Или почти выправлялась… Во всяком случае, рыба оставалась вполне съедобной, несмотря на то, что после каждого выброса претерпевала внешние изменения. А что кошки ее упорно отказываются, есть — так забаловались, наверно, привыкли к сухим кормам…
Но на этот раз прозвучало «последнее китайское предупреждение» — если хоть одна капля отходов окажется в озере — завод будет окончательно закрыт, а ответственные лица отправятся улучшать экологическую обстановку в зоне вечной мерзлоты.
Поэтому химически активный порошок с труднопроизносимым названием засыпали в трюм сухогруза и благонамеренно отправили к месту утилизации. Упаковать в герметически закрытые мешки?
Ой, я вас умоляю! И так работать некому, еле-еле заказ выполняем.
Посудина, загруженная значительно больше, чем полагалось по всем инструкциям и нормативам, не спеша направлялась к месту назначения. А куда торопиться? Если бы за срочность премию пообещали, тогда другое дело. И зачем делать два рейса, когда можно обойтись одним. По радио обещали ясную безветренную погоду, а инженер по технике безопасности все равно уже который день не просыхает, дорвавшись до запасов халявного спирта.
До середины пути добрались без особых сложностей. Но, стоило кому-то из команды облегченно вздохнуть, как ни с того, ни с сего, разразилось самое что ни на есть стихийное бедствие. На совершенно спокойной акватории появились волны величиной не менее четырех баллов, потом раздался гром с ясного неба. Мало того: оглушительный звук сопровождался не менее впечатляющим видеоэффектом.
Рулевой Икошкин в ужасе отпрянул назад с пронзительным визгом:
— Марс атакует! Все, сейчас нас будут завоевывать! Пришел конец земной цивилизации!
Оставив свое рабочее место, он упал на четвереньки и, добравшись до двери каюты, принялся отчаянно дергать ее, причем не в ту сторону.
— На место, балда! — раздался усиленный микрофоном голос. — В армии, что ли, не служил? Это всего навсего…
Но любителю сериала про звездные войны не суждено было в этот раз узнать, что же он на самом деле увидел. Никем не управляемый водный транспорт развернуло перпендикулярно курсу, а затем понесло туда, где из воды вырастало такое, чего не случалось видеть ни в одном ужастике. Хуже всего оказалось то, что вокруг гибрида Лох-Несского чудовища с гидротурбиной крутился настоящий водоворот, увлекающий за собой все, что оказывалось в пределах досягаемости.
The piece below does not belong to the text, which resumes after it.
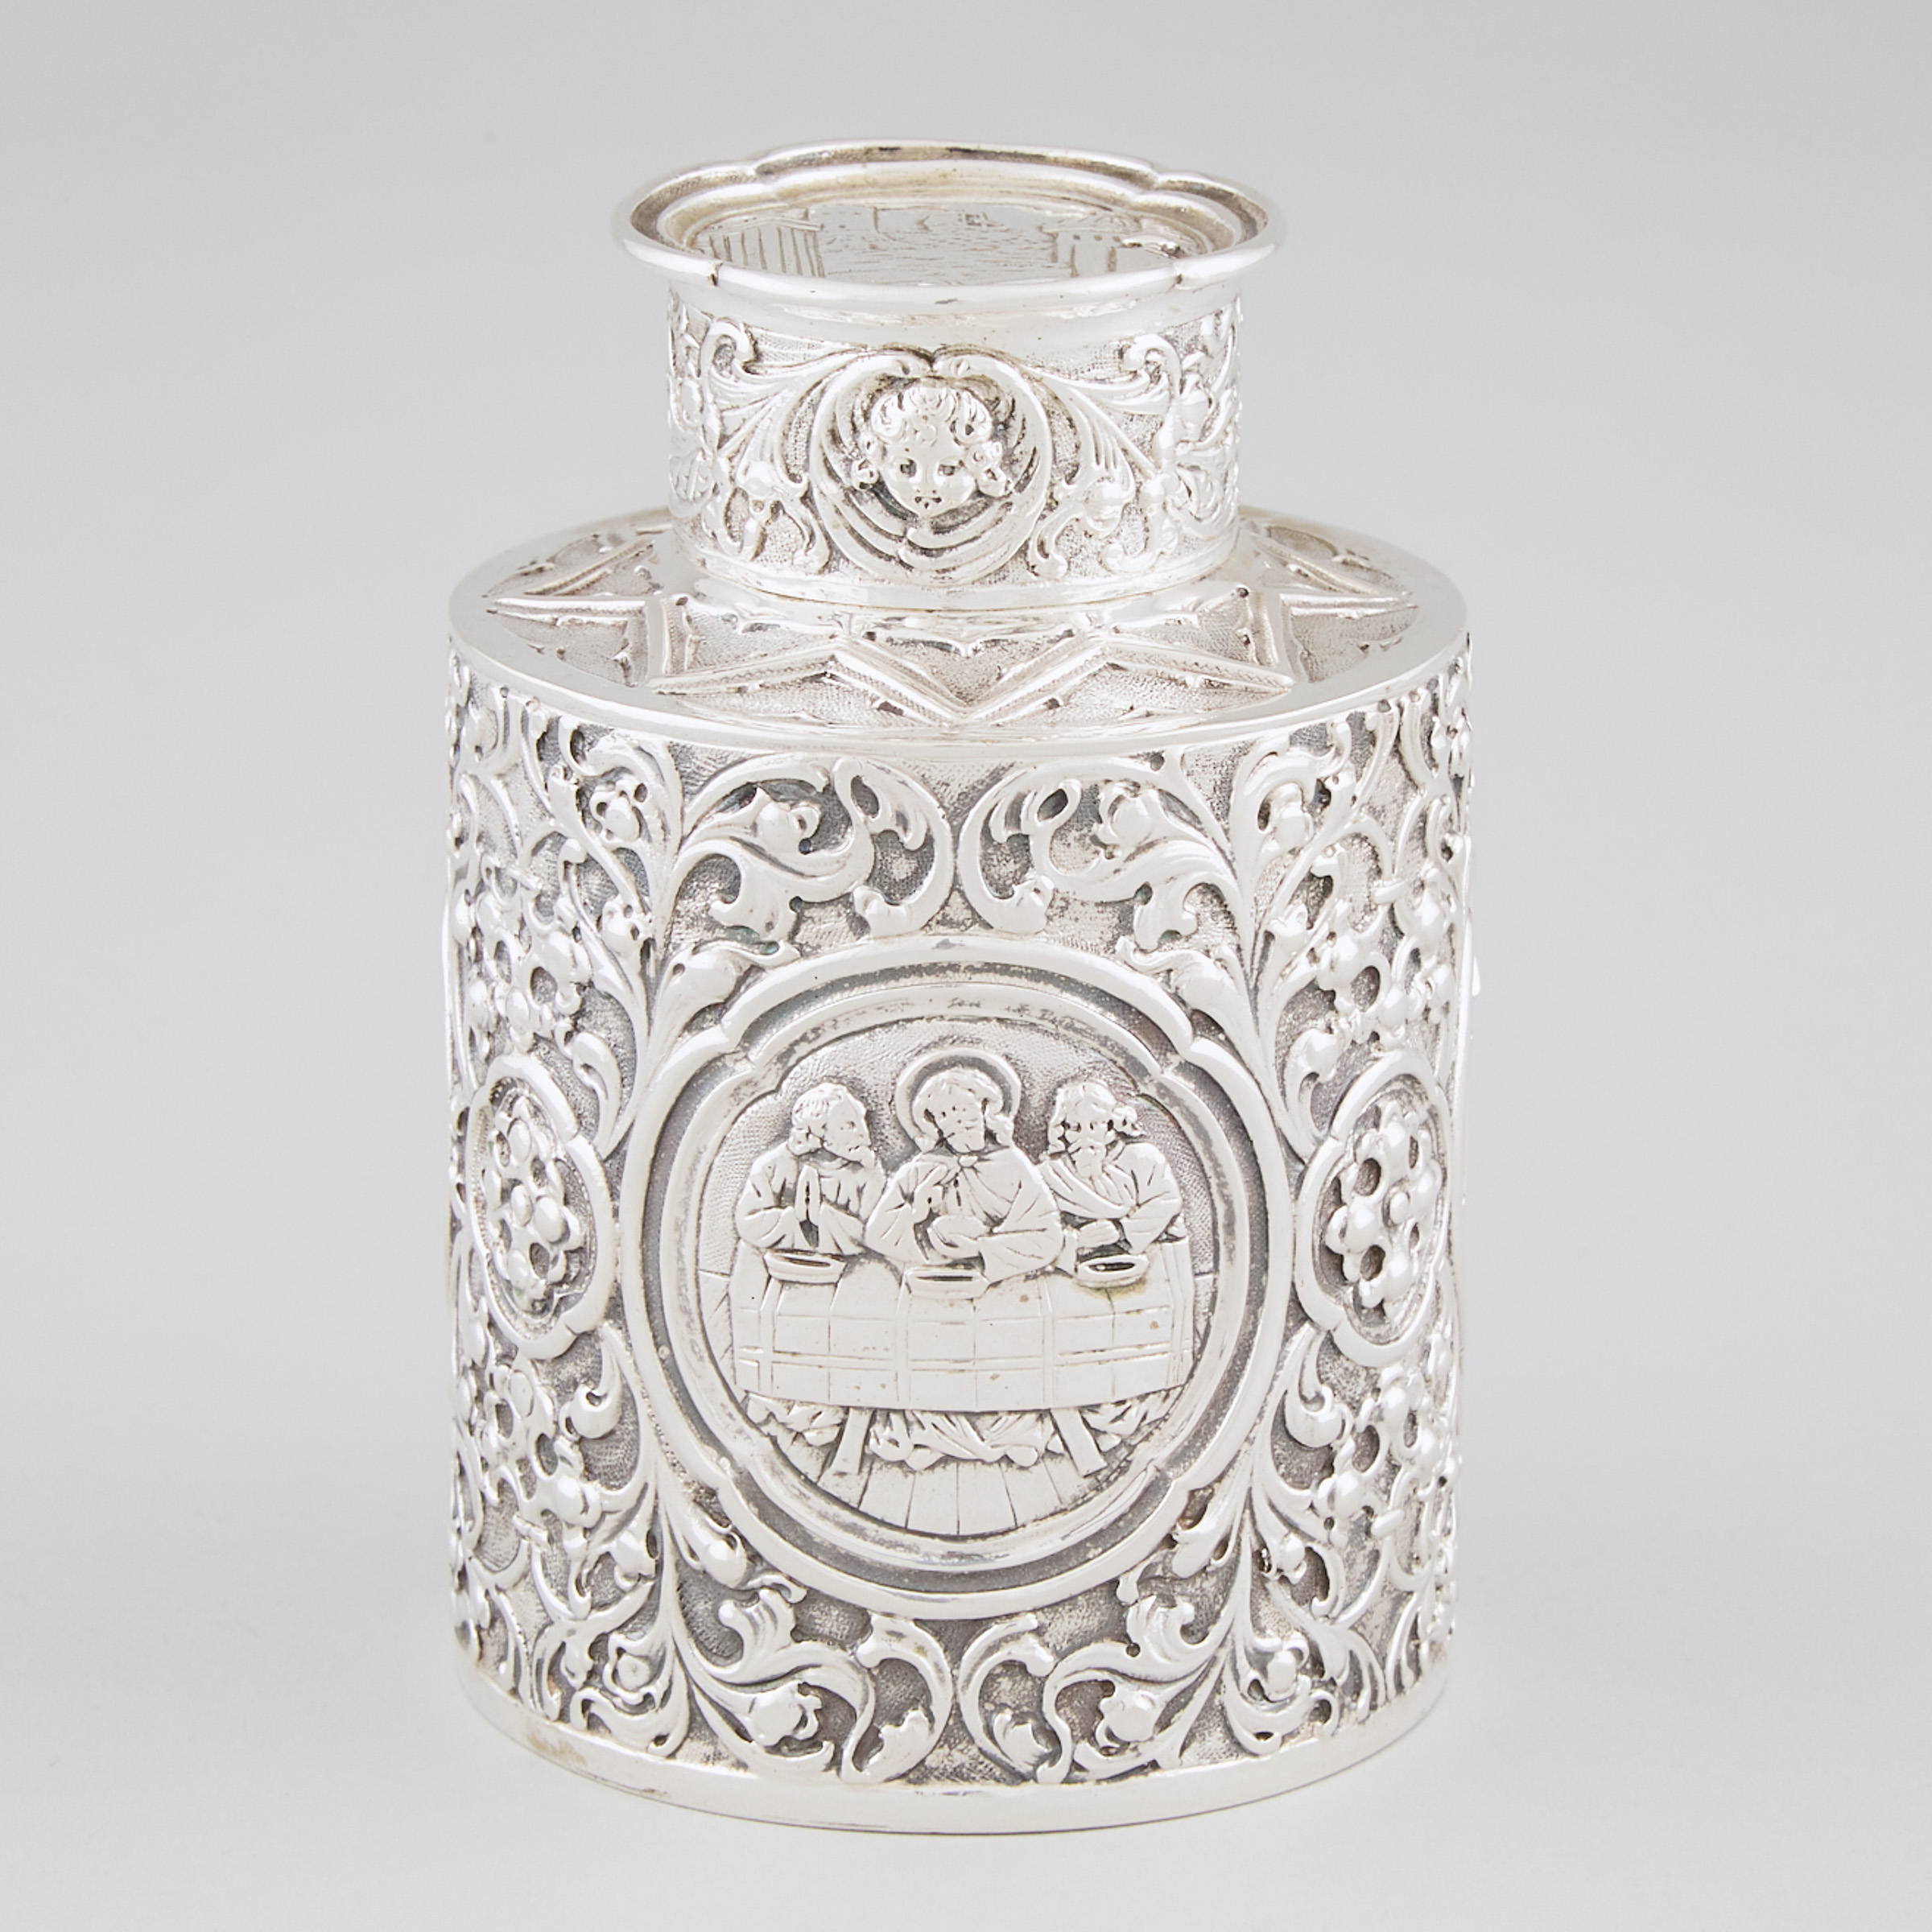 German Silver Repoussé Tea Caddy, Friedrich Reusswig, Hanau, early 20th century

В довершение всех неприятностей руль намертво заклинило, и оставалось либо дожидаться печальной развязки, либо спешно покинуть терпящее бедствие судно. Не сговариваясь, команда в полном составе предпочла второй вариант. Аварийная шлюпка с поистине рекордной скоростью понеслась к ближайшему берегу.
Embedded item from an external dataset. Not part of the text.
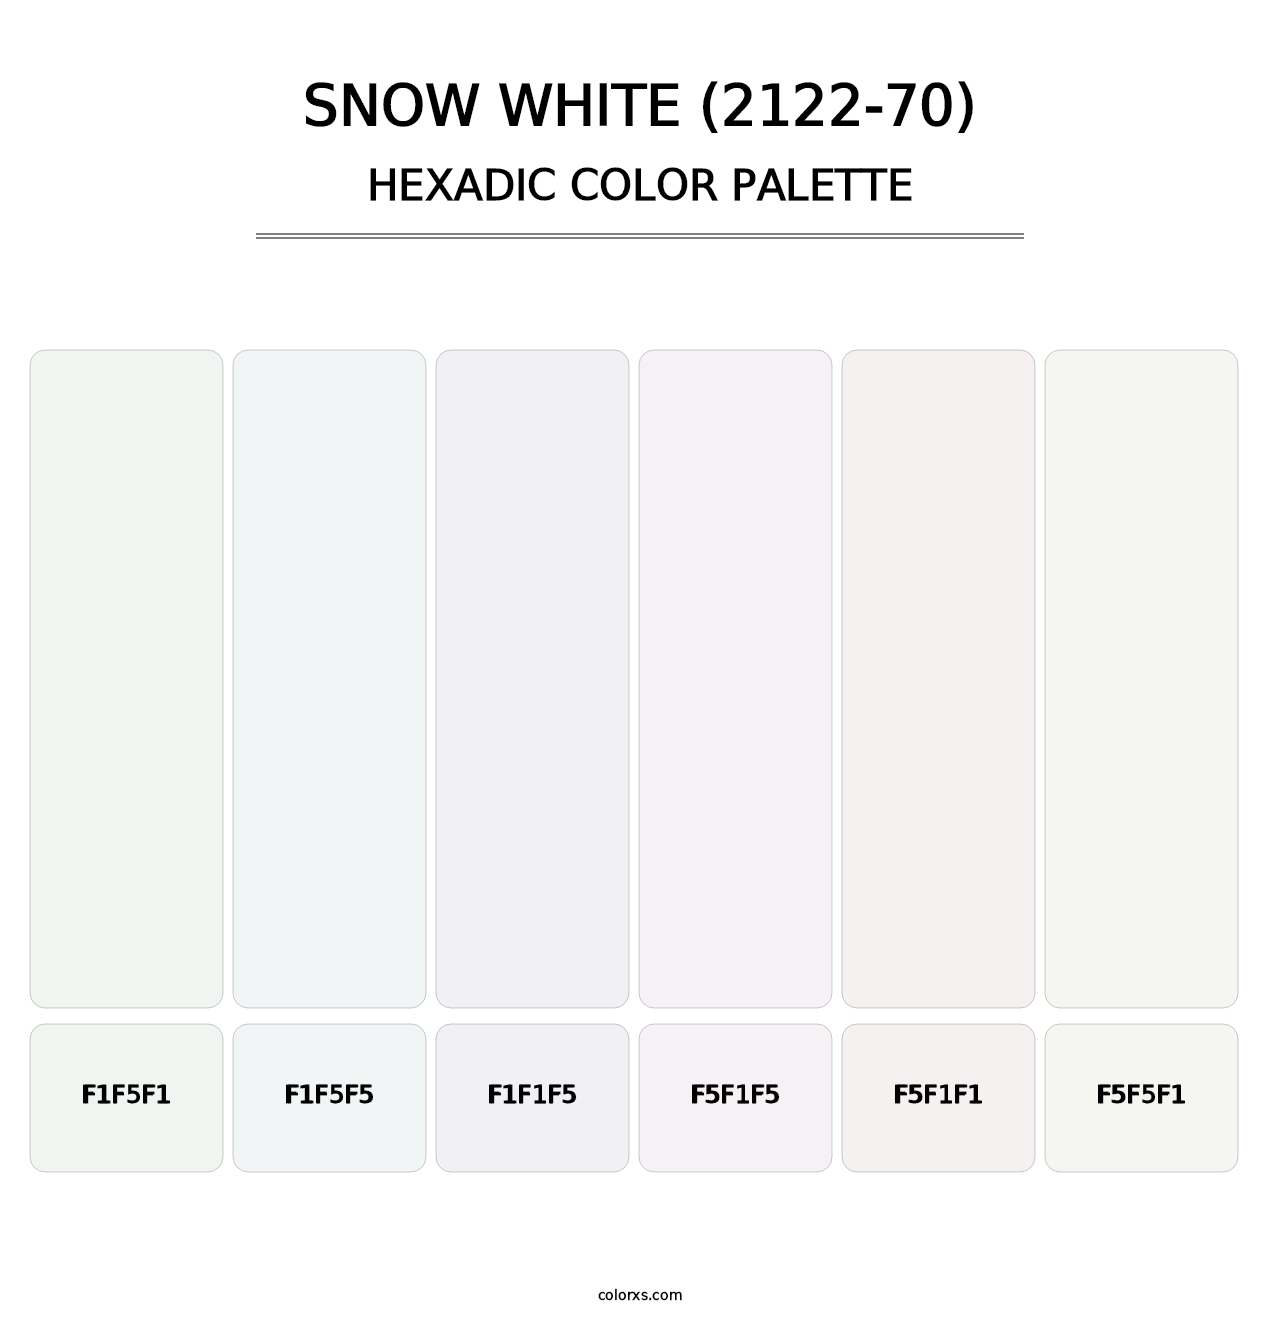 Snow White (2122-70) - Hexadic Color Palette

Никем не управляемая баржа медленно, а затем все быстрее направлялась прямо к эпицентру катаклизма. Волны захлестывали, швыряли тяжело груженое судно из стороны в сторону. Казалось, еще немного, и «Трезвый» перевернется подобно пластмассовому кораблику, с которым играет ребенок, пытаясь воспроизвести в ванне океанский шторм.
Внезапно одно из щупалец поднялось во всю длину над бурлящей водой и подобно гигантскому хлысту ударило по корпусу судна. Металлическая обшивка лопнула, как резиновый мячик под колесом автомобиля. Разломившись на две части, водный транспорт начал погружаться в воду. Ярко-желтый порошок, которым был доверху набит трюм, высыпался наружу.
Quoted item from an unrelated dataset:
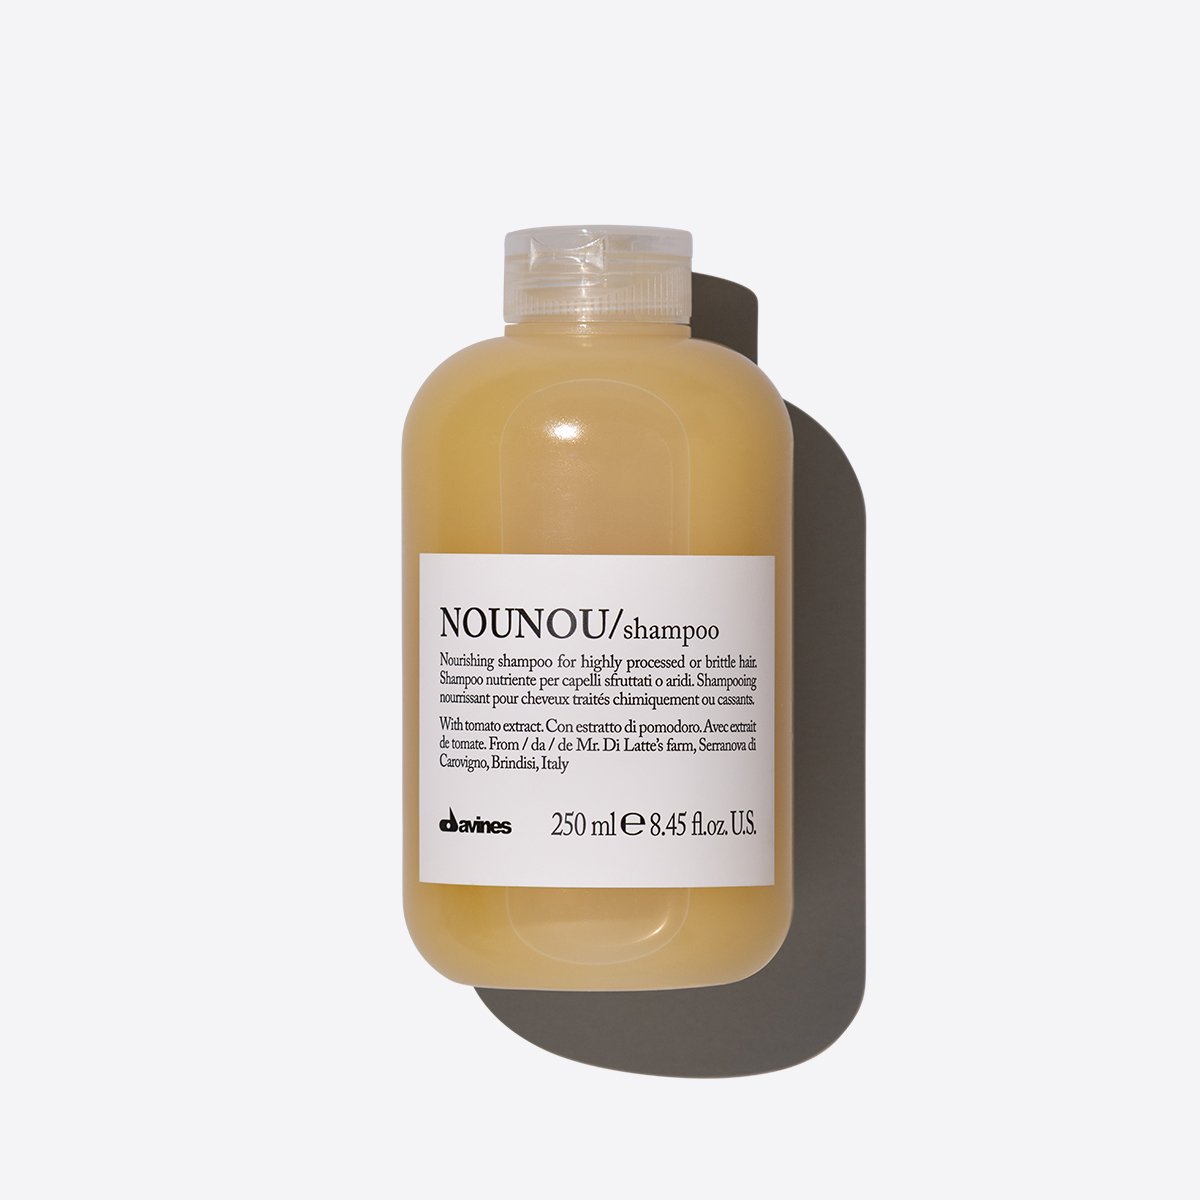 NOUNOU Shampoo 1  250 ml / 8,45 fl.oz.Davines

Оставшись на поверхности воды, опасный груз превратился в подобие острова, который увеличивался с каждым мгновением. Слой химически активного вещества становился все толще и, наконец, покрыл значительное пространство воды пленкой цвета генетически модифицированного одуванчика. Вскоре над ним показался белесый дымок, а кое-где — даже язычки розовато-лилового пламени. До спрятавшихся между прибрежными валунами путешественников донесся явственный запах сероводорода, которым сопровождалась эта масштабная химическая реакция.
Существо, поднимающееся из глубины озера, ожидал более чем неприятный сюрприз. Впрочем, подобное случалось с ним не впервые. Время от времени человеческие существа пытались оказать ему сопротивление и даже наивно полагали, что смогут его уничтожить. Когда-то давно горстка безумцев встретила его дождем стрел, в более поздние времена — чугунными ядрами с нескольких кораблей.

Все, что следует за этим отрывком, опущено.